For six years during World War II, British strategy was managed from this grubby, underground warren of offices filled with clacking typewriters, shouting officers and the whumping of German bombs landing overhead in the city. The enemy never learned where the war rooms were located.

They’re all very primitive by today’s standards. One direct bomb hit would have blown everything away. Xerox did not exist, so copies of communiques were made by teams of secretaries with manual typewriters and carbon paper. Military strategy was figured on a map with pins.

And if Prime Minister Winston Churchill wanted to talk with President Franklin Roosevelt, he stepped into a onetime cupboard for the secure trans-Atlantic phone.

For anyone who remembers World War II or who has thrilled to old movies, this is a not-to-be-missed place.

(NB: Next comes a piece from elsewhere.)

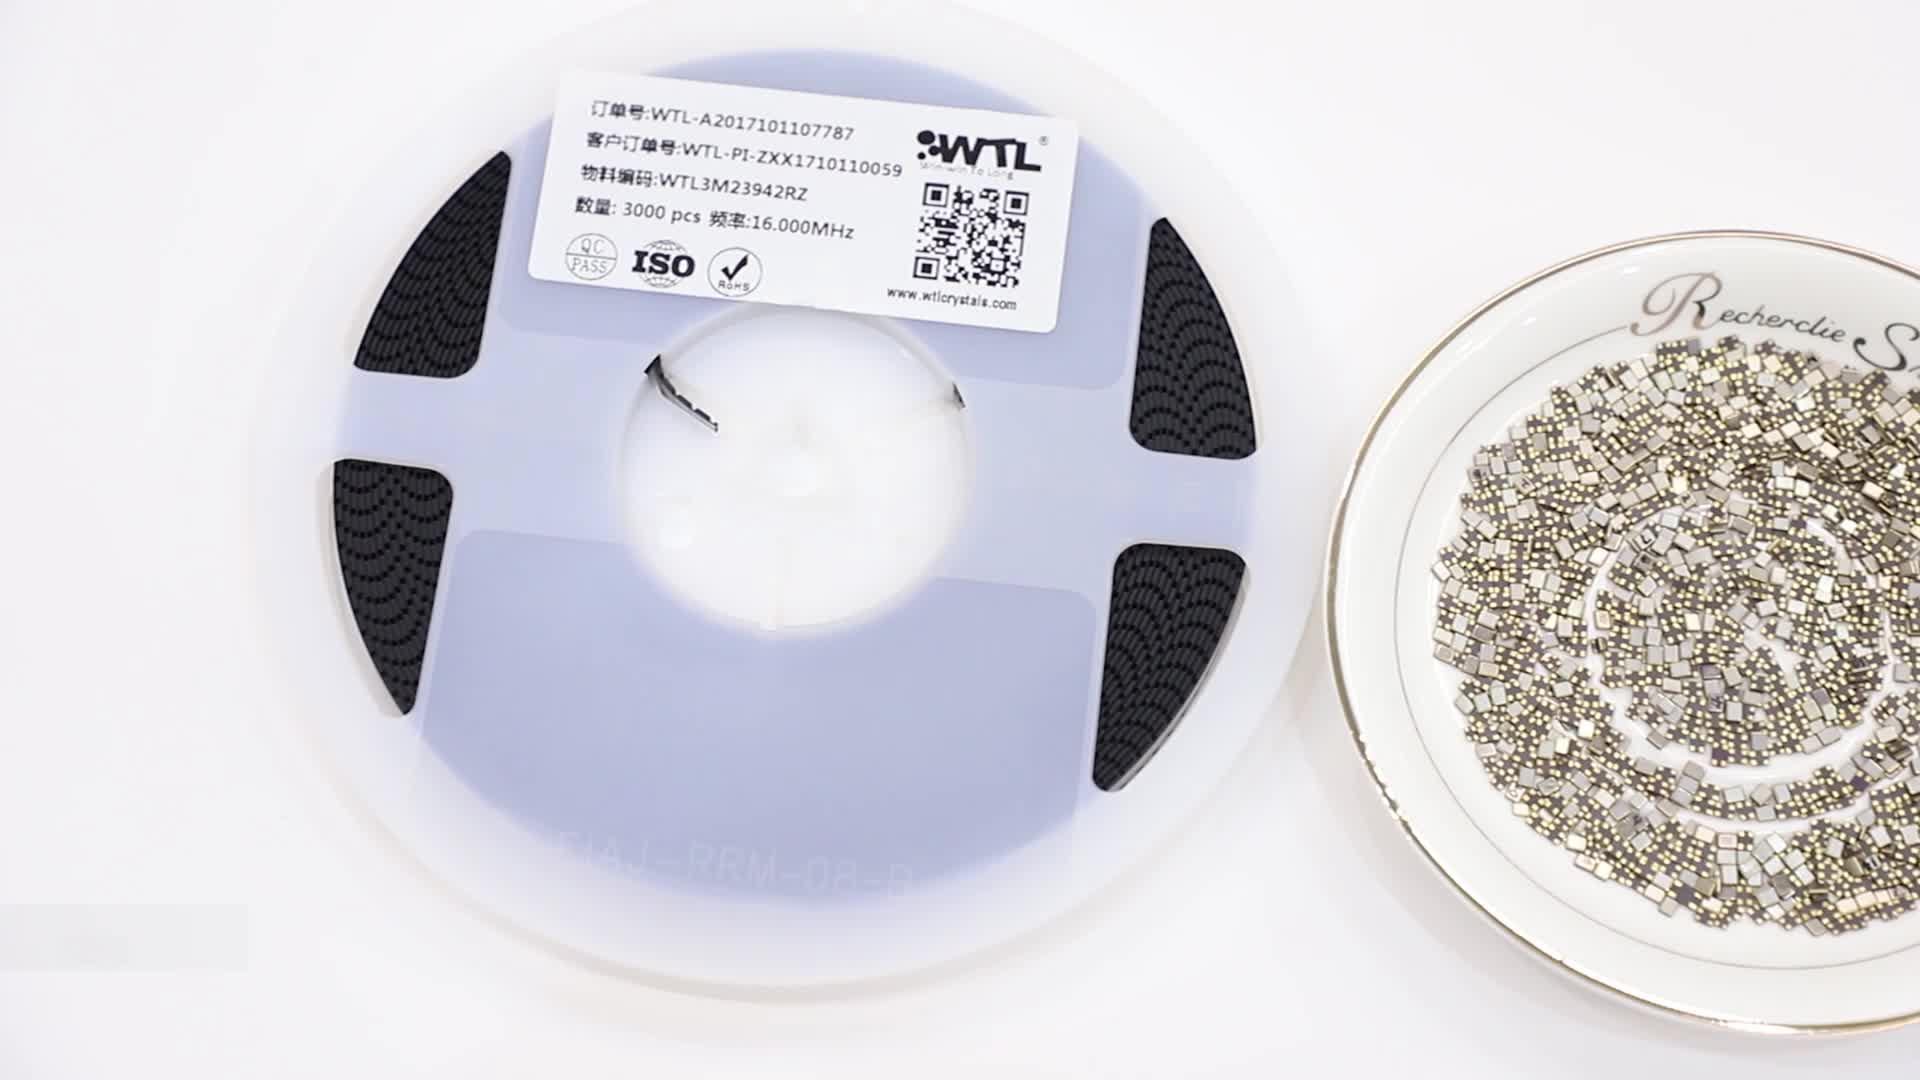 Free Sample WTL 7050 Crystal OSC XO 25.0008MHz 20ppm 3.3V CMOS SMD Oscillator

Located at Clive Steps, King Charles Street. Open 9:30 a.m. (10 a.m. from October to March) to 6 p.m. daily. Call 930-6961.

PORTOBELLO ROAD MARKET

Sure, you can find some neat antiques. Old silver, china, a curved brass auto horn with a rubber squeeze bulb, a Leica camera, mahogany chairs, handmade mirrors. With 1,500 dealers on Saturdays, it all goes on for block after block covering a mile north of Hyde Park.

Beyond the antiques, near-antiques and kitsch, the market extends another two miles on down the street where vendors sell fruits and vegetables, knock-off clothing, CDs and flea market stuff.

But the wonderful part is the people — tourists from all over the globe, locals, kids, bewildered dogs and smiling cops with inverted tub helmets.

It all opens about 6 a.m. when the true antique hunters show up. But as the day progresses, the market becomes more and more festive as the crowds ooze along, bellies to backs, in a slow-moving Thames of humanity, eddying around street-corner musicians, wandering pretzel sellers, sidewalk chalk artists and such.

To get there, take the tube or a bus to Notting Hill Gate, walk north along Pembridge Road and take the fourth street left, Portobello Road.

HOLLAND PARK

Everyone’s heard of Hyde Park. And Kensington Gardens. But many people, even Londoners, haven’t heard of Holland Park, which may be the niftiest of all.

In the better-known parks, everything seems manicured. Carefully cropped lawns, scrupulously pruned bushes, trees with nary a dead limb.

But Holland Park, which isn’t far from Kensington Park, is woodsy. Leaves lie on the ground to kick through. Limbs fall as they do in any forest and are not picked up. It feels like country.

And as a result, it is one of the few perfect escapes from London’s cost-a-pretty-pound busy-ness.

In absolute contrast, Holland Park also has a superb little Japanese garden, called Kyoto Garden, with a perfectly harmonic convergence of gentle pond, graceful trimmed plants and perfectly coiffed trees.

Holland Park is about six blocks west of Kensington Park, north of Hammersmith Road and south of Holland Park Avenue.